To raise the awareness of corpus tools in the field and also generate new ideas for corpus tools that might be developed by individual programmers or within team projects, I proposed the first corpus tools brainstorming session at the 2014 American Association of Corpus Linguistics (AACL 2014) conference. Randi Reppen and the other organizers of the conference strongly supported the idea, and it finally became a reality on September 25, 2014, the first day of the conference.

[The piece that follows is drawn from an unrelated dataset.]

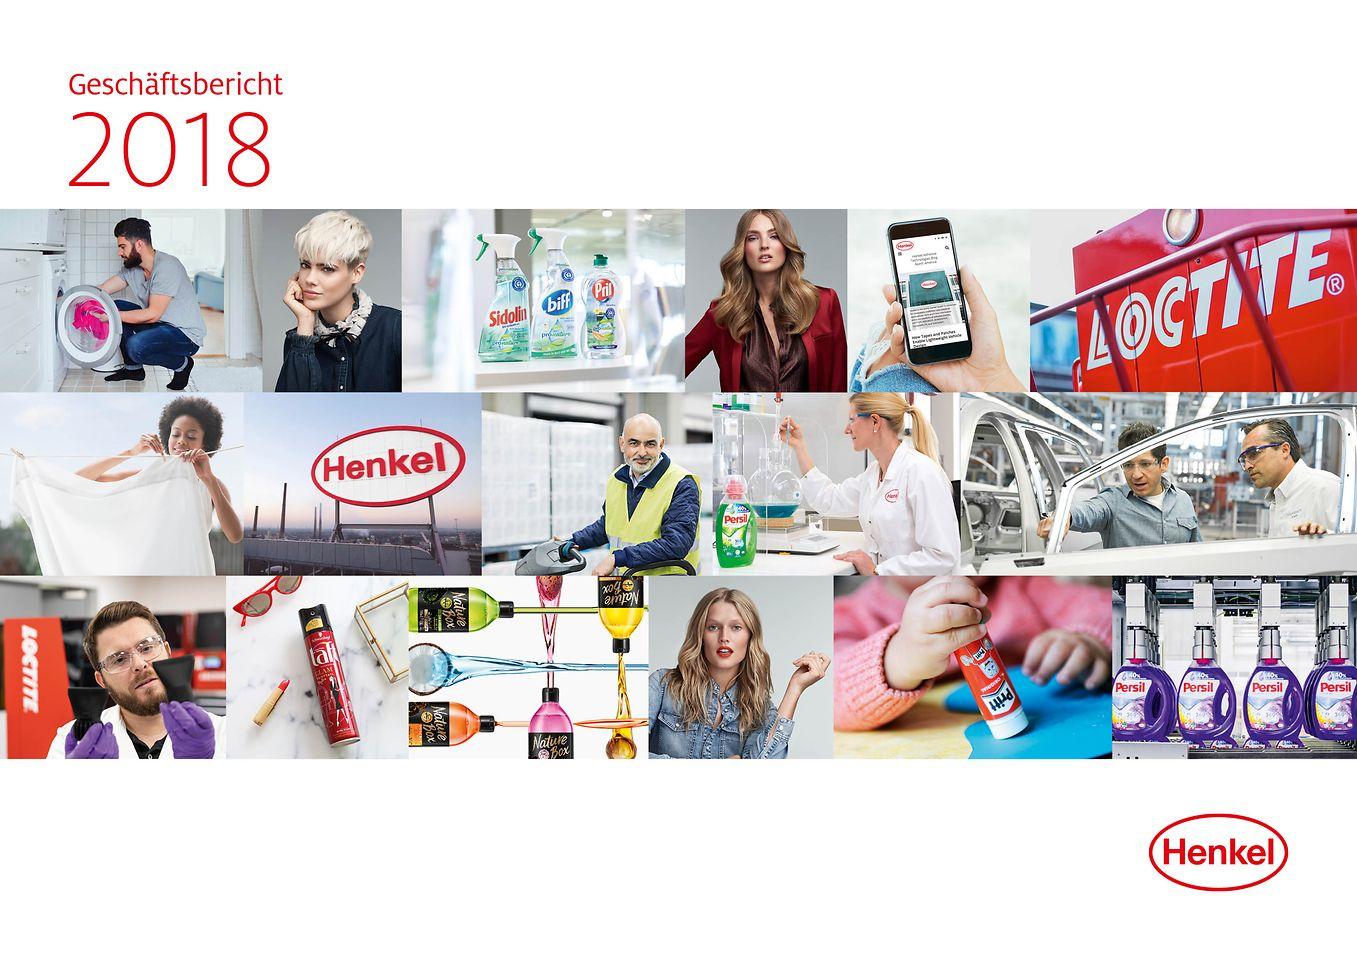 2018 Geschäftsbericht Cover

At the session, over 30 people participated, filling the room. After I gave a brief overview of the history of corpus tools development, the participants thought about the ways in which they currently use corpora and the tools needed to do their work. The usual suspects—frequency lists (and frequency list comparisons), keyword-in-context concordances and plots, clusters and n-grams, collocates, and keywords—were all mentioned. In addition, the participants talked about how they are increasingly using statistics tools and also starting programming to find dispersion measures. A summary of the ways people use corpora is given below:

  • find word/phrase patterns (KWIC)
  • find word/phrase positions (plot)
  • find collocates
  • find n-grams/lexical bundles
  • find clusters
  • generate word lists
  • generate keyword lists
  • match patterns in text (via scripting)
  • generate statistics (e.g. using R)
  • measure dispersion of word/phrase patterns
  • compare words/synonyms
  • identify characteristics of texts

Next, the participants formed groups, and began brainstorming ideas for new tools that they would like to see developed. Each group came up with many ideas, and explained these to the session as a whole. The ideas are summarised below:

  • compute distances between subsequent occurrences of search patterns (e.g. words, lemmas, POS)
  • quantify the degree of variability around search patterns
  • generate counts per text (in addition to corpus)
  • extract definitions
  • find patterns of range and frequency
  • work with private data but allow  for powerful handling of annotation (e.g. comparing frequencies of sub-corpora)
  • carry out extensive move analysis over large texts
  • search corpora by semantic class
  • process audio data
  • carry out phonological analysis (e.g. neighbor density)
  • use tools to build a corpus (e.g. finding texts, annotating texts, converting non-ASCII characters to ASCII)
  • create new visualizations of data (e.g. a roman candle of words that ‘explode’ out of a text)
  • identify the encoding of corpus texts
  • compare two corpora along many dimensions
  • identify changes in language over time
  • disambiguate word senses

From the list, it is clear that the field is moving towards more sophisticated analyses of data. People are also thinking of new and interesting ways to analyse corpora. But, perhaps the list also reveals a tendency for corpus linguists to think more in terms of what they can do rather than what they should do, an observation made by Douglas Biber, who also attended the session. As Jim Wild said when I interviewed him in July, “Research should be led by the science not the tool.” In corpus linguistics, clearly we should not be trapped into a particular research topic because of the limitations of the tools available to us. We should always strive to answer the questions that need to be answered. If the current tools cannot help us answer those questions, we may need to work with a software developer or perhaps even start learning to program ourselves so that new tools will emerge to help us tackle these difficult questions.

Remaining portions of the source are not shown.